_The problem_
In your reply, print every line of the listing exactly and omit all images.

*** Provided material ***

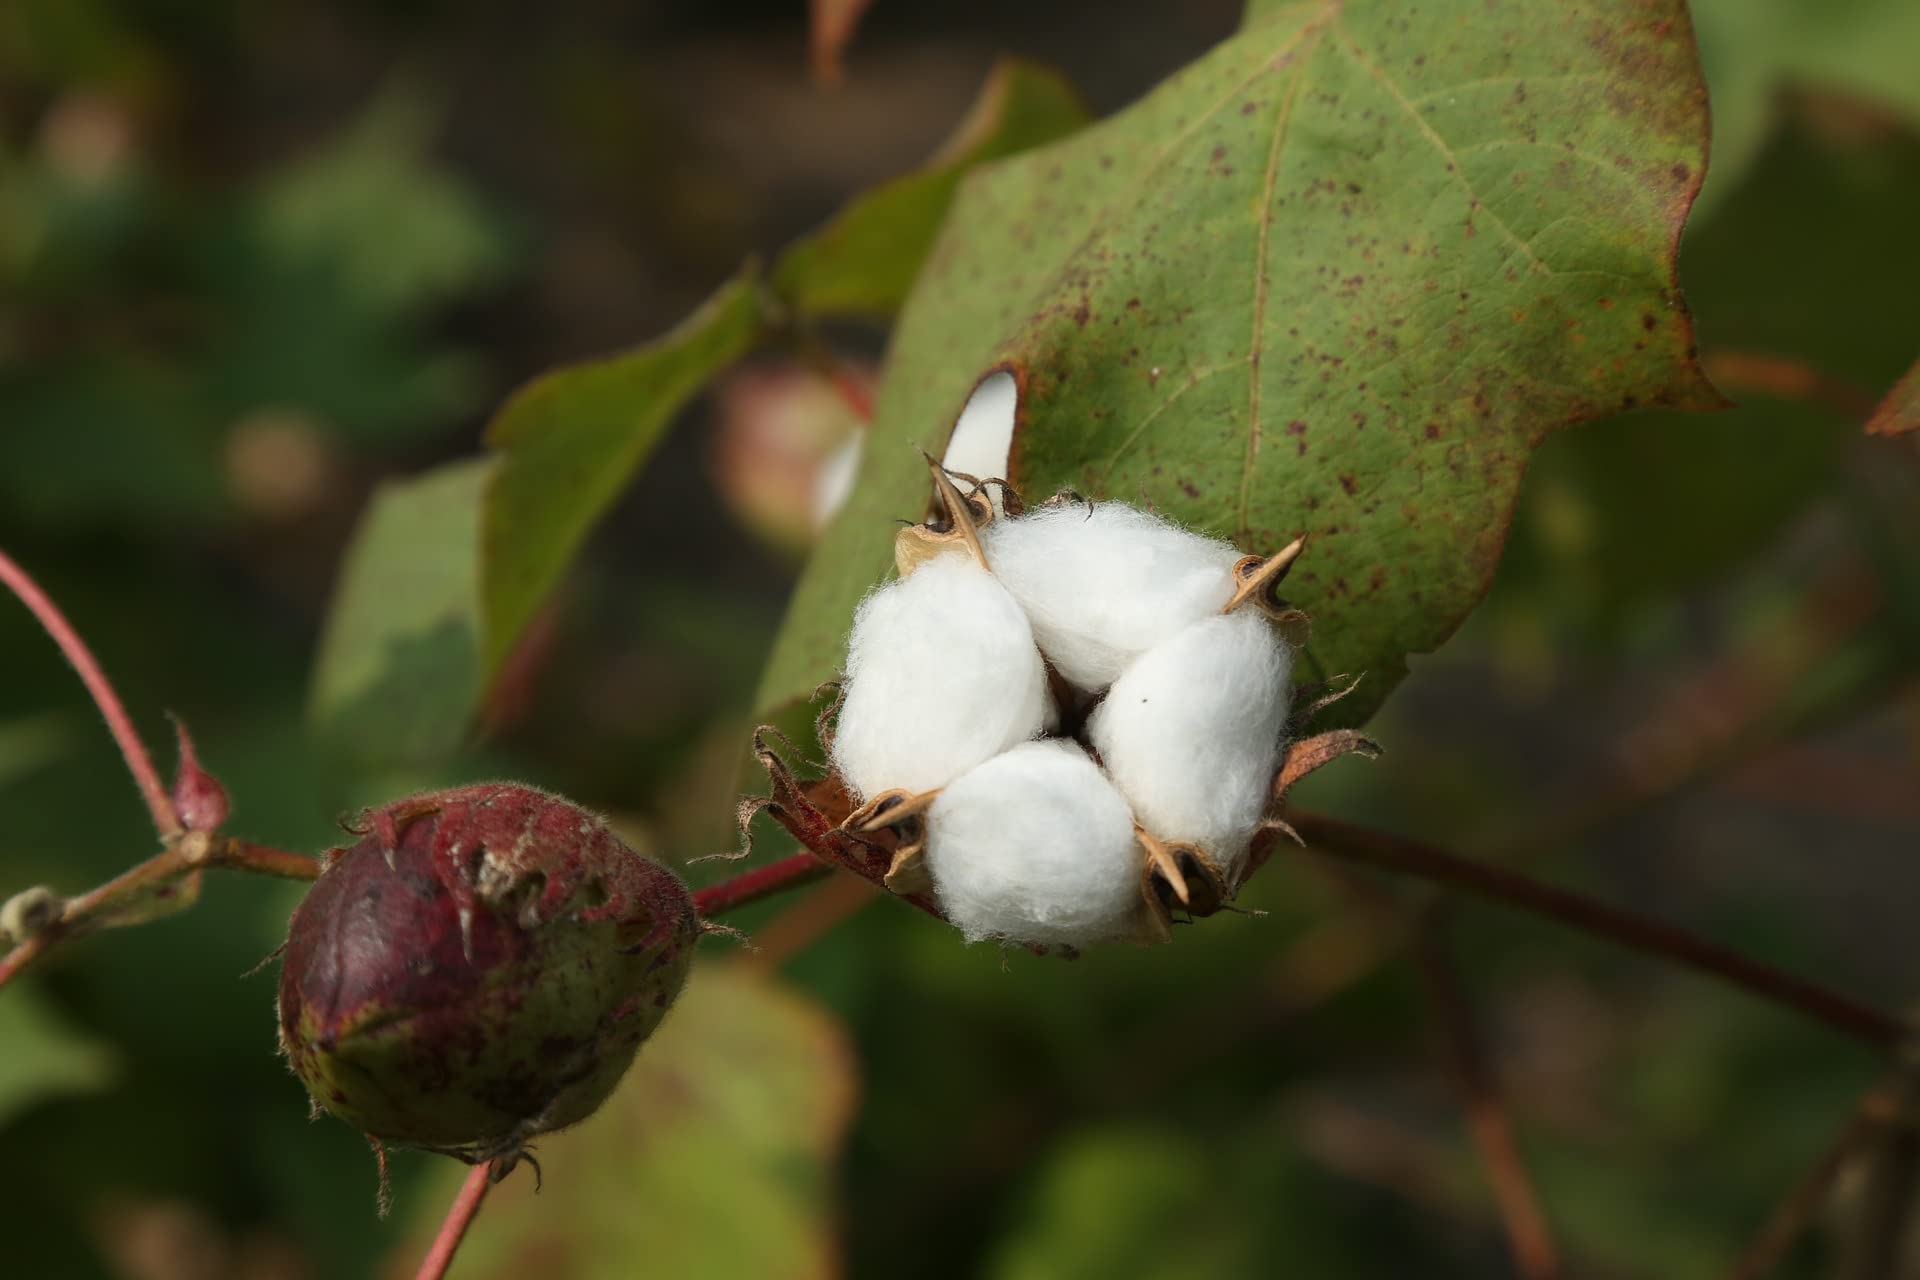 MRC Brand Cotton Seeds Non-GMO, untreated 20+ Cotton Seeds
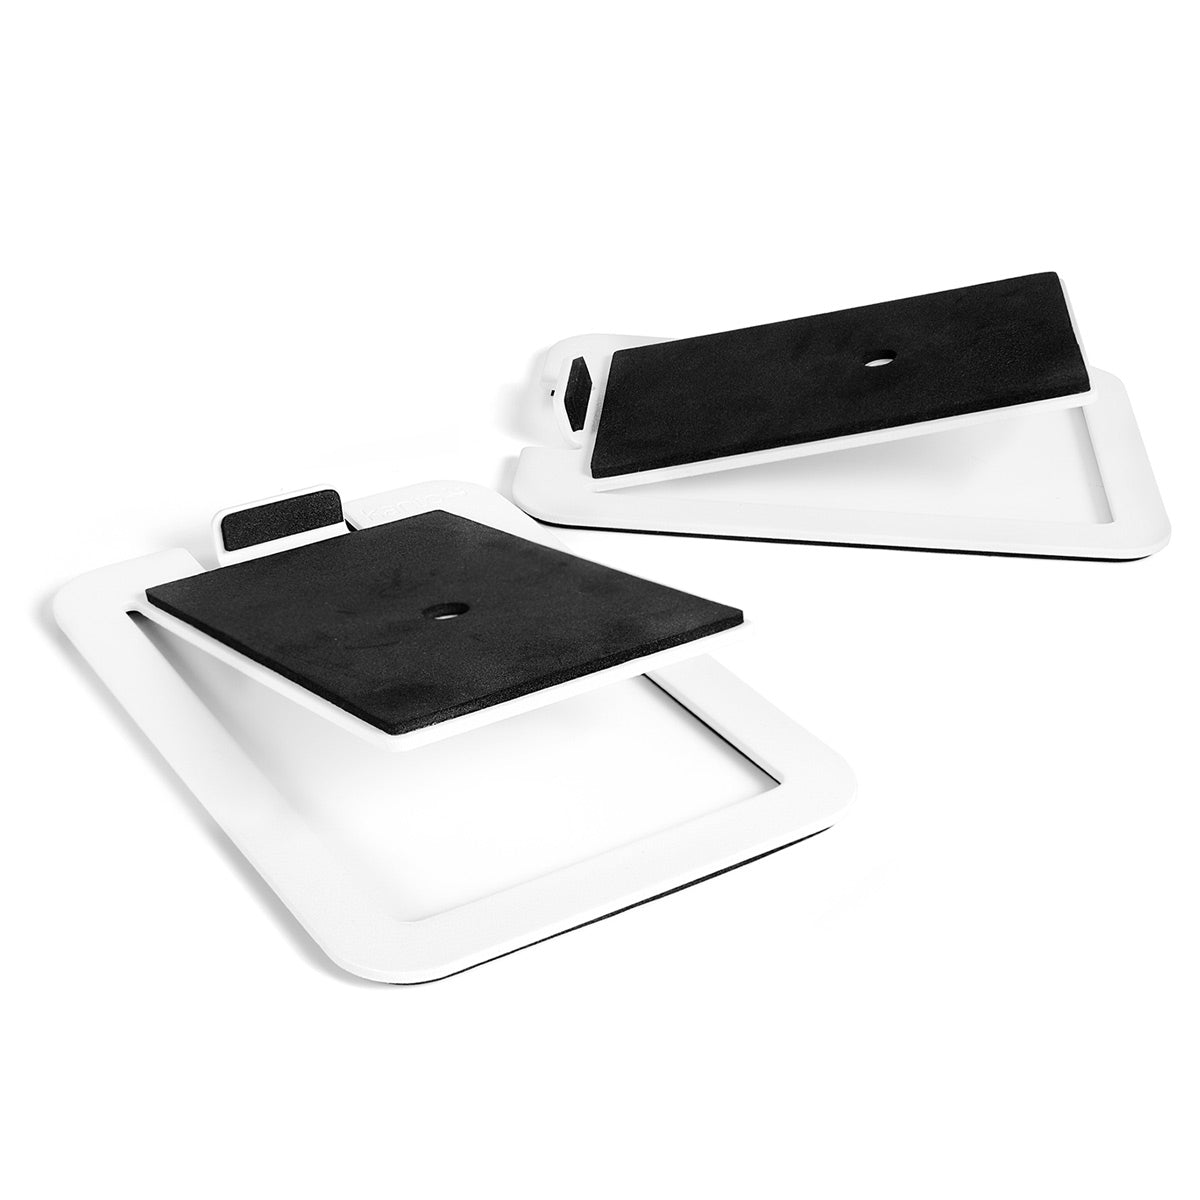 Kanto YUP4 Passive Bookshelf Speakers with S4 Speaker Stands - Pair (White)
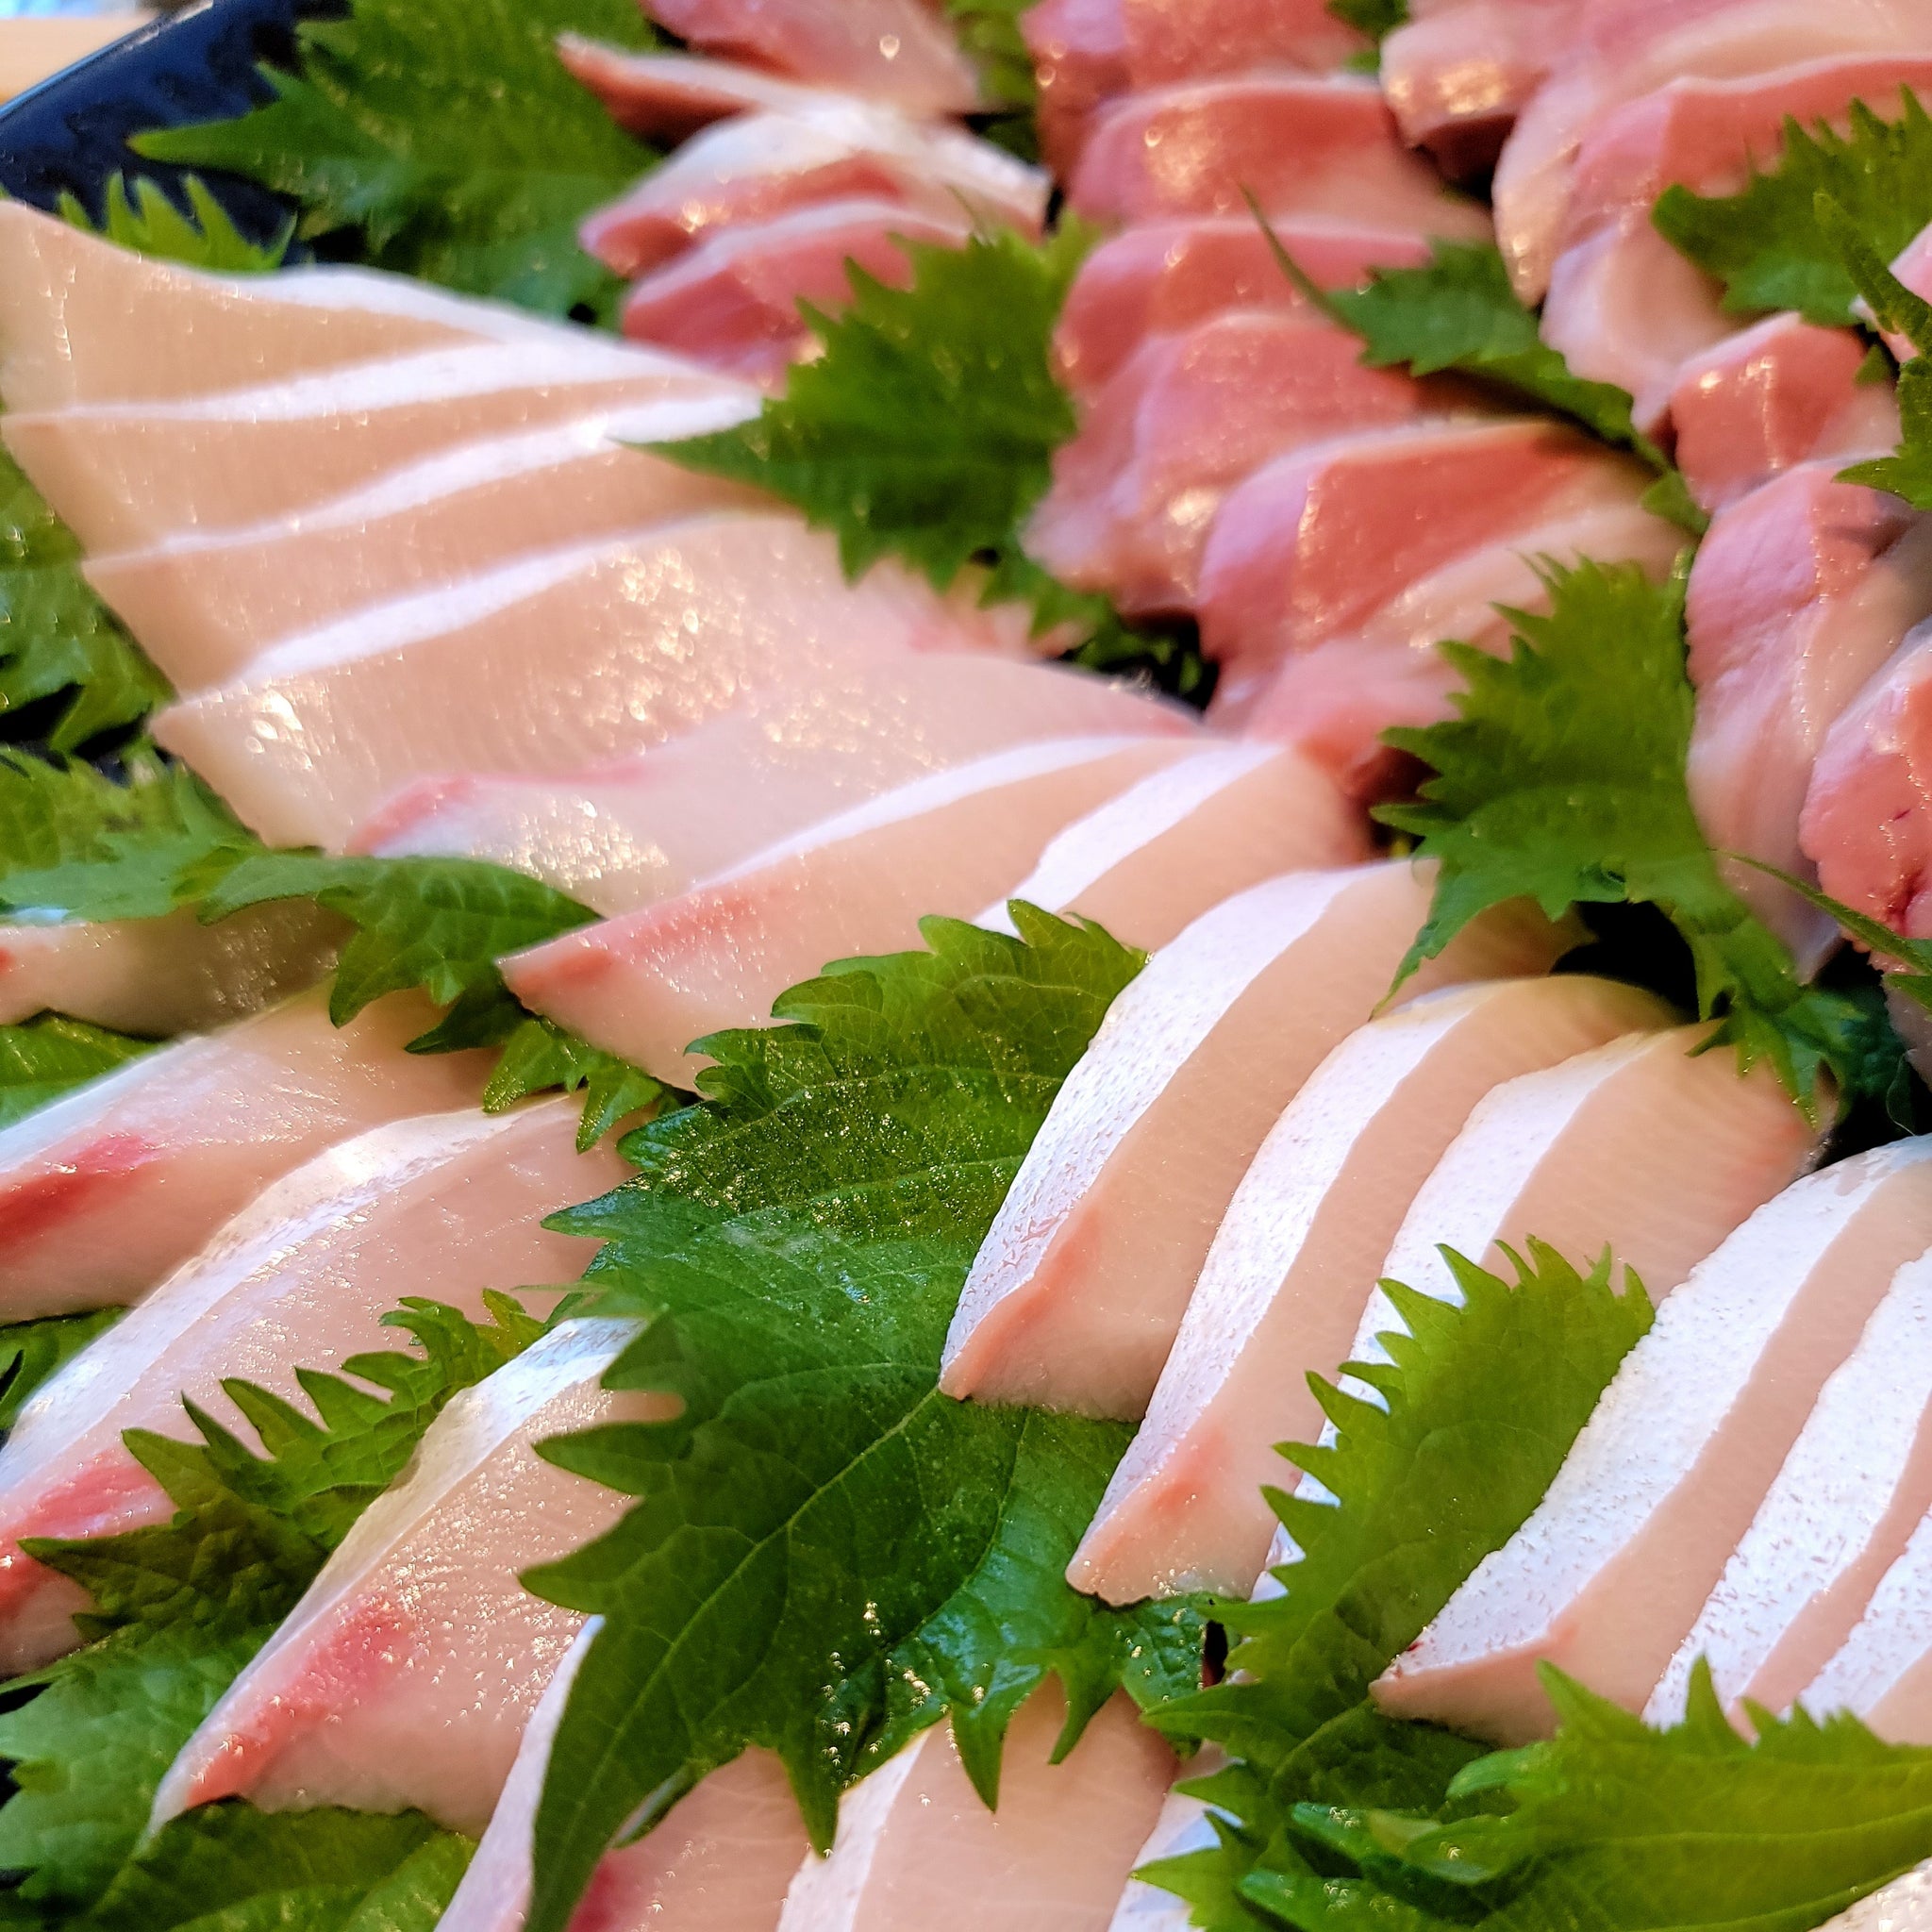 Fresh Hamachi (Buri) Loin  日本新鮮鰤魚刺身 "日本開運魚"

*** End of Provided material ***

_Result for this exercise_
 MRC Brand Cotton Seeds Non-GMO, untreated 20+ Cotton Seeds
 Kanto YUP4 Passive Bookshelf Speakers with S4 Speaker Stands - Pair (White)
 Fresh Hamachi (Buri) Loin  日本新鮮鰤魚刺身 "日本開運魚"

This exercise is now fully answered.